- Directed by: Claude Faraldo
- Screenplay by: Claude Faraldo
- Starring: Jean-François Stévenin
- Cinematography: Bernard Lutic
- Edited by: Dominique Galliéni
- Music by: Albert Marcœur François Ovide
- Release date: 1980;
- Language: French

= Two Lions in the Sun =

1980 comedy-drama film

Two Lions in the Sun (Deux Lions au soleil) is a 1980 French comedy-drama film written and directed by Claude Faraldo.

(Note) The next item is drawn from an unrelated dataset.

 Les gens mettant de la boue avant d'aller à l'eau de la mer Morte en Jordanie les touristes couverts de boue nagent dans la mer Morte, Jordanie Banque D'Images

It was entered into the main competition at the 37th Venice International Film Festival.

== Cast ==
- Jean-François Stévenin as Paul
- Jean-Pierre Sentier as René
- Catherine Lachens as Babette
- Jean-Pierre Tailhade as Volviste
- Martine Sarcey as the woman in the park
- Michel Robin as the man in the park
- Valérie Kling as Mireille
- Alain Doutey as the bank manager
- Jeanne Herviale as the landlady

==Release==
The film entered the main competition at the 37th edition of the Venice Film Festival, in the Officina Veneziana sidebar.

==Reception==
A contemporary Variety review described the film as a "sometimes strained, sometimes touching tale" that has "intensity of mood" and an "offbeat treatment and subject". Stefano Reggiani from La Stampa also praised the film, "a finely crafted story, full of subtlety, a parable marked by the urgency of reality."